▶ _ASSIGNMENT_:
Transcribe the data as written, minus images.

=== RECORDED DATA ===

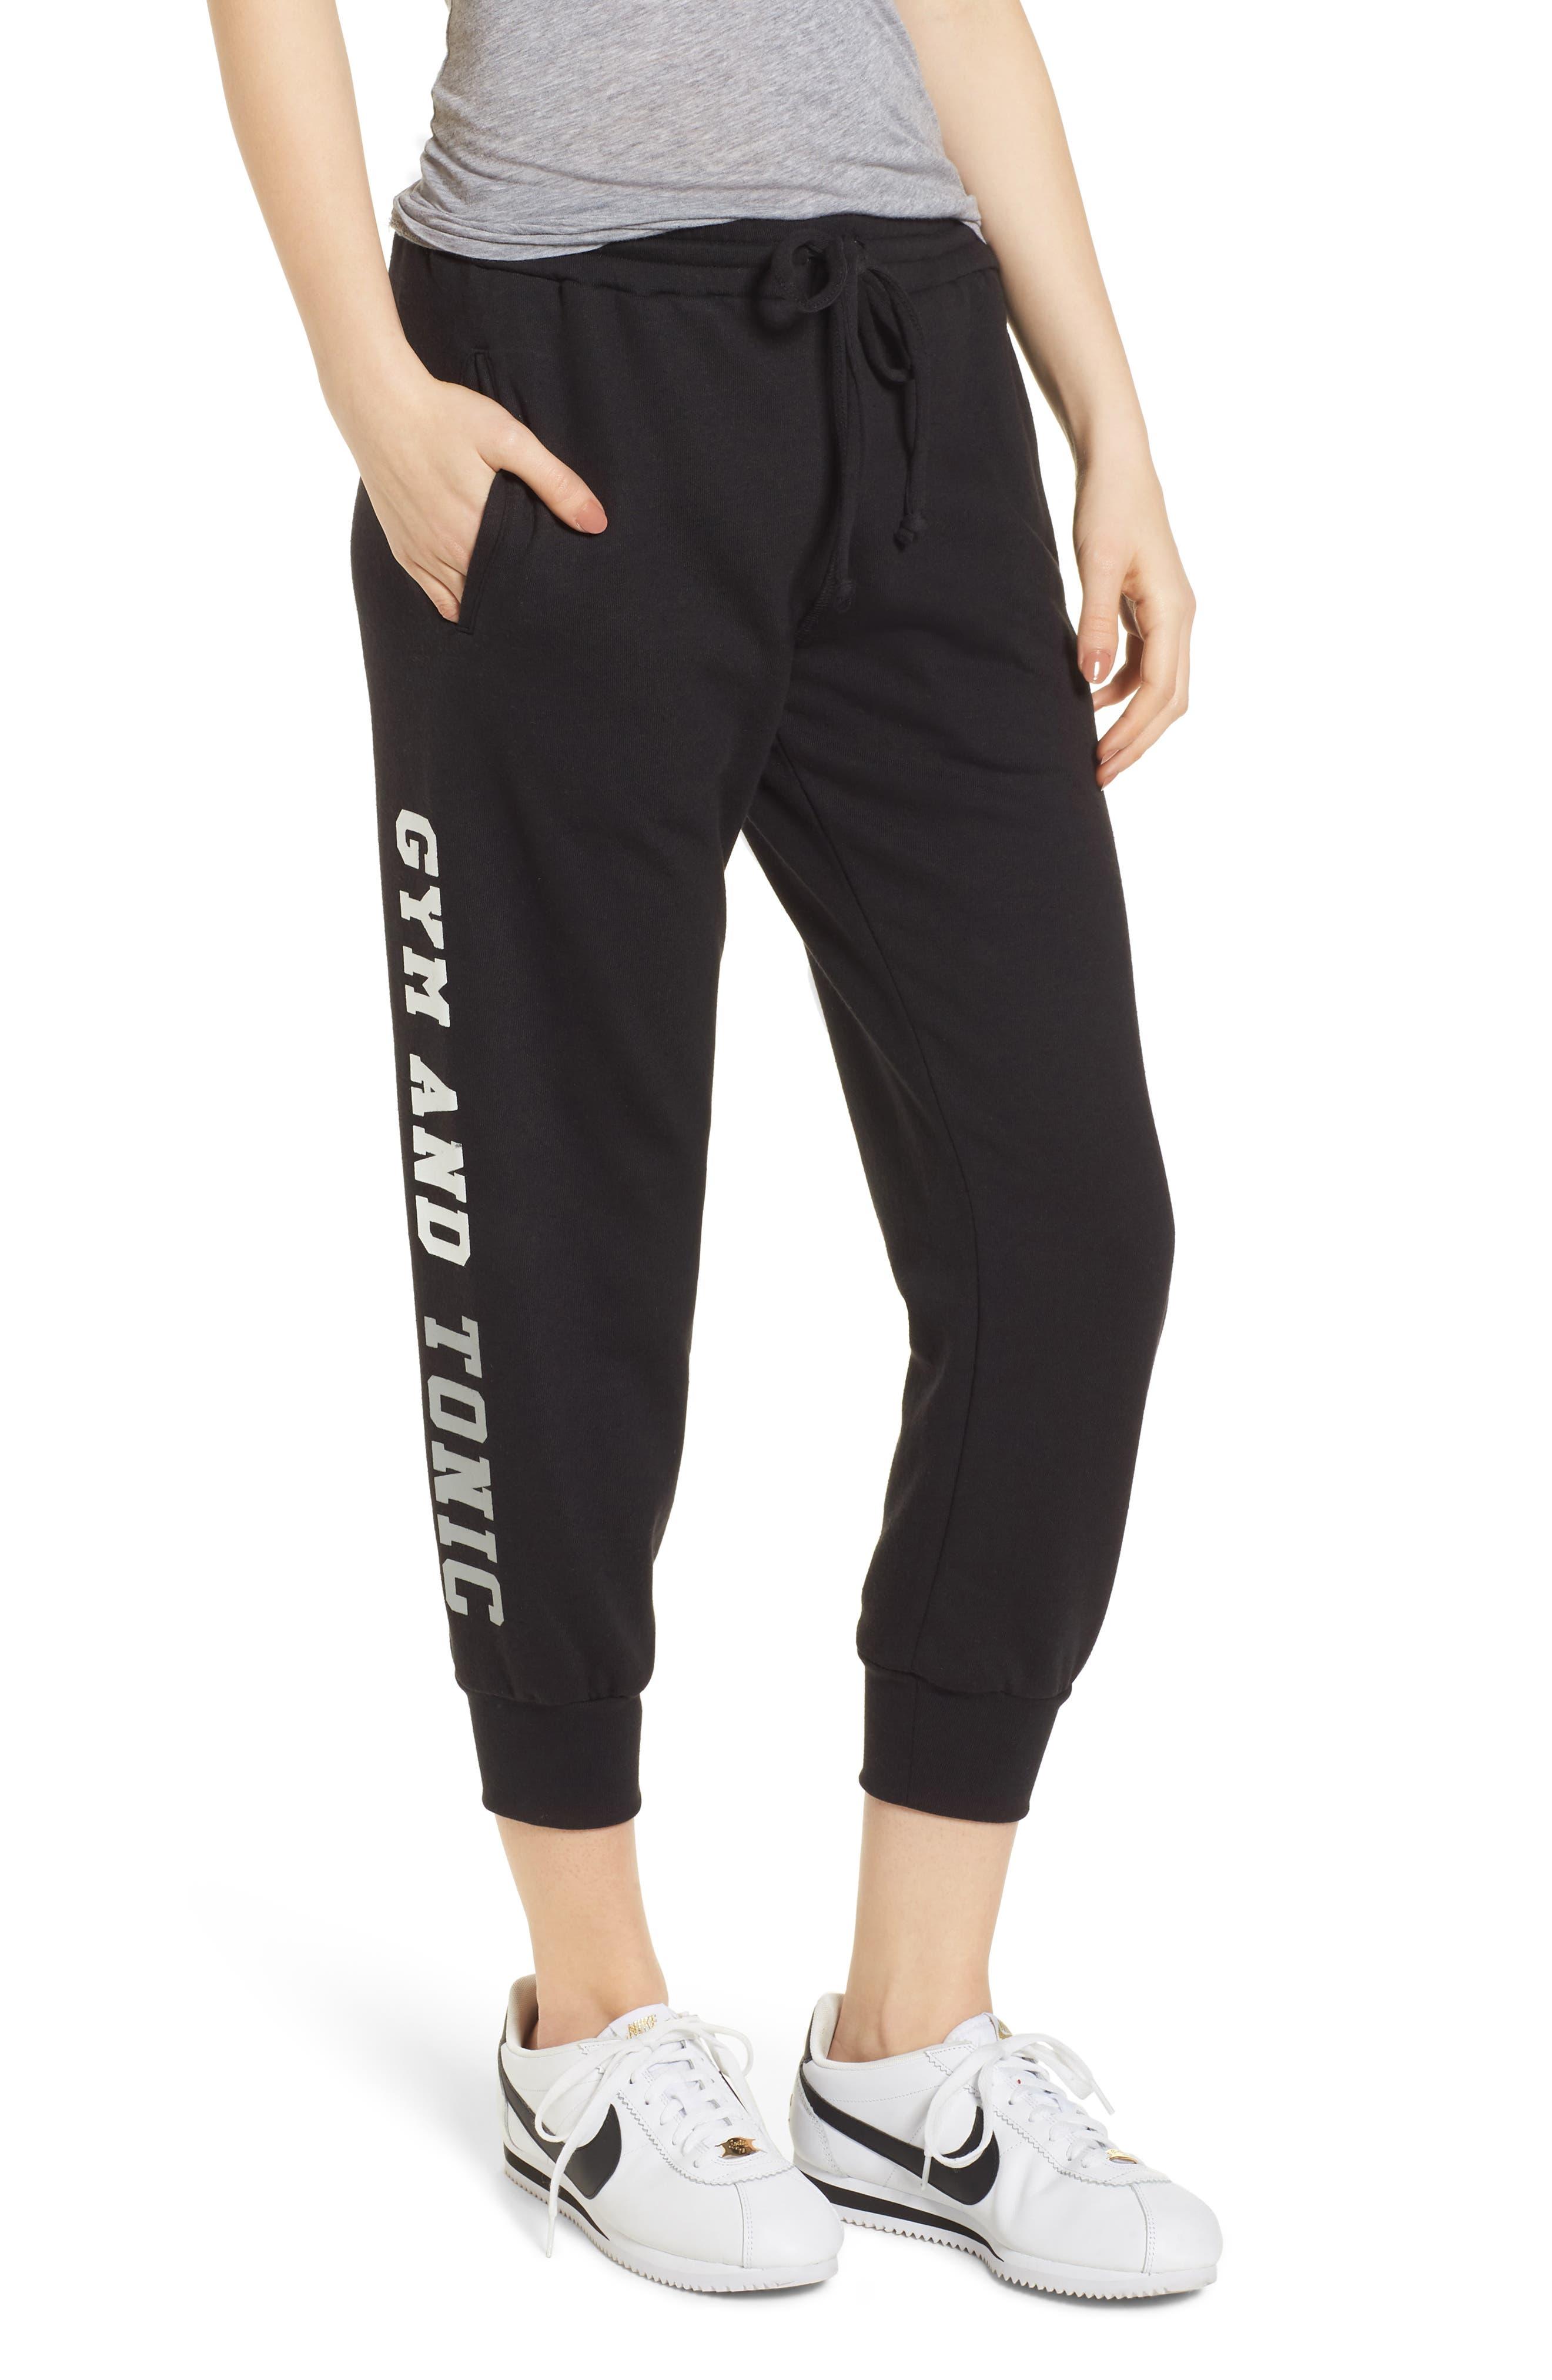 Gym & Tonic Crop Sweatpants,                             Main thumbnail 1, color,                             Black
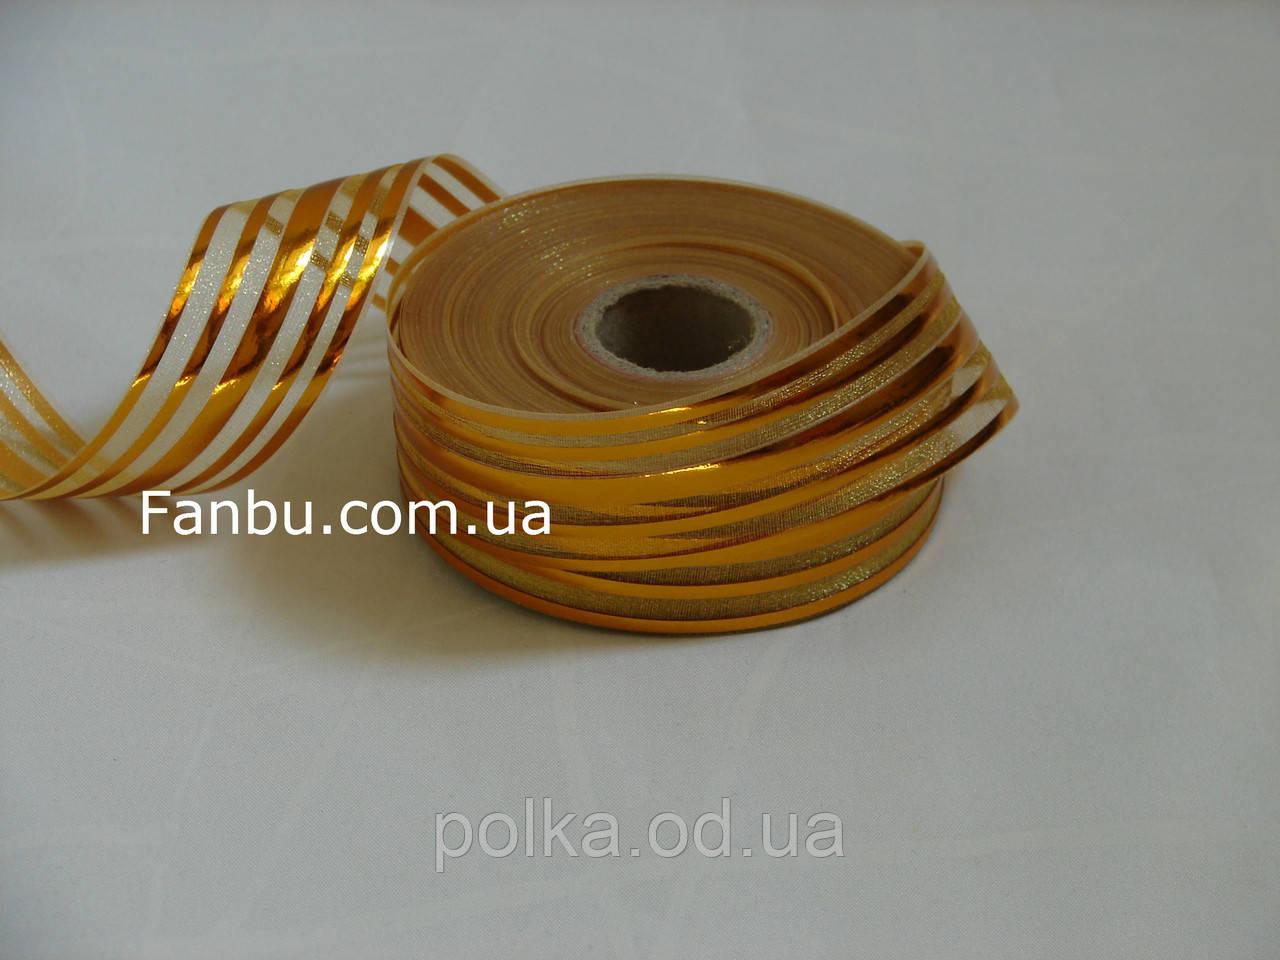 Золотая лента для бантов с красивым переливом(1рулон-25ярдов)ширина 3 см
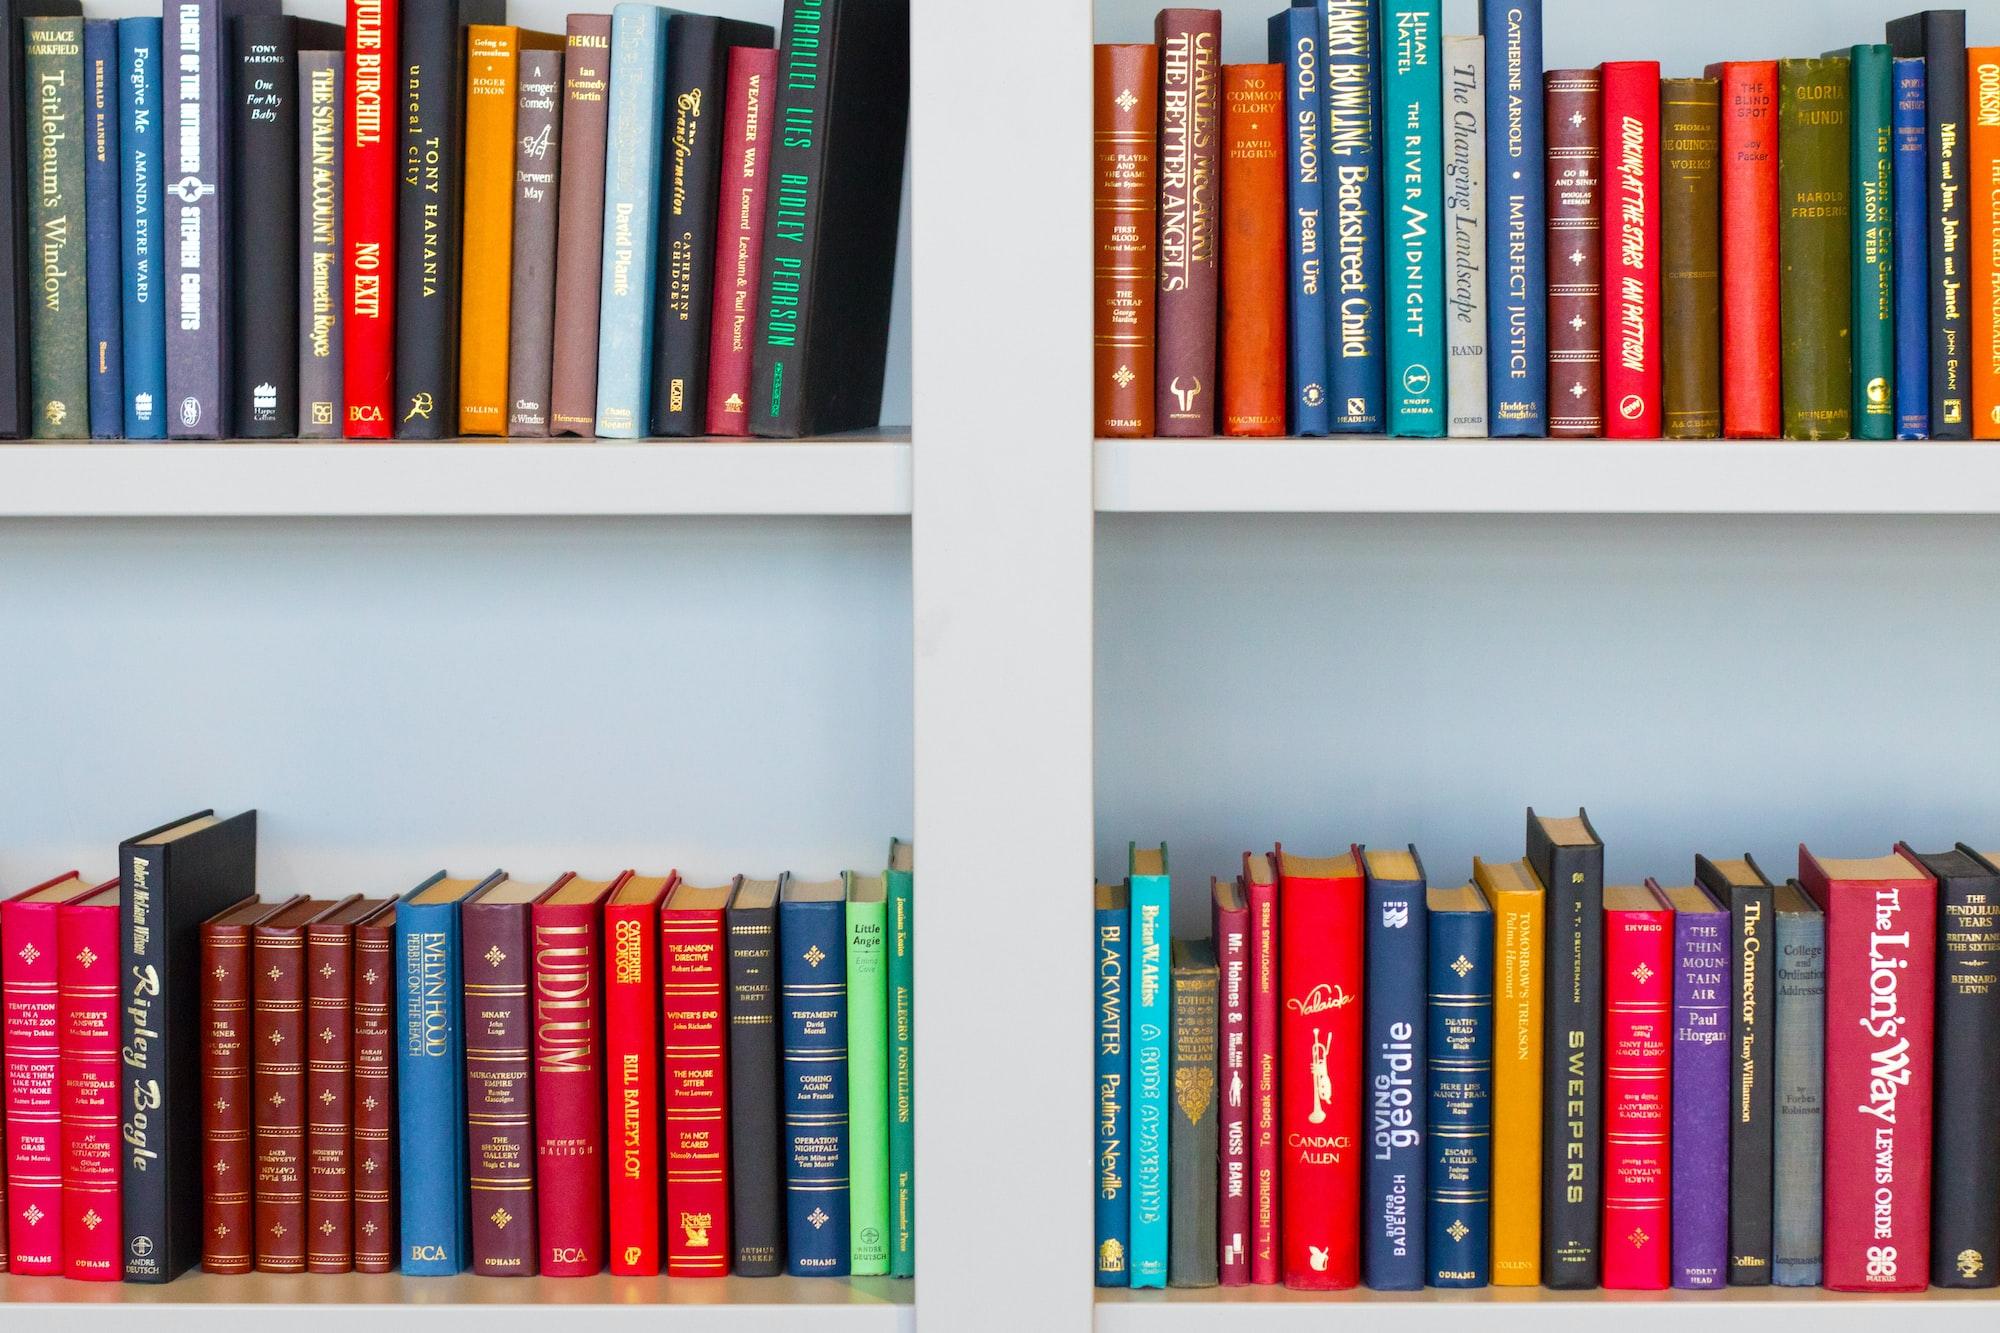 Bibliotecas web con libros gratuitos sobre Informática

===

▶ _ANSWER TO THIS TASK_:
 Gym & Tonic Crop Sweatpants,                             Main thumbnail 1, color,                             Black
 Золотая лента для бантов с красивым переливом(1рулон-25ярдов)ширина 3 см
 Bibliotecas web con libros gratuitos sobre Informática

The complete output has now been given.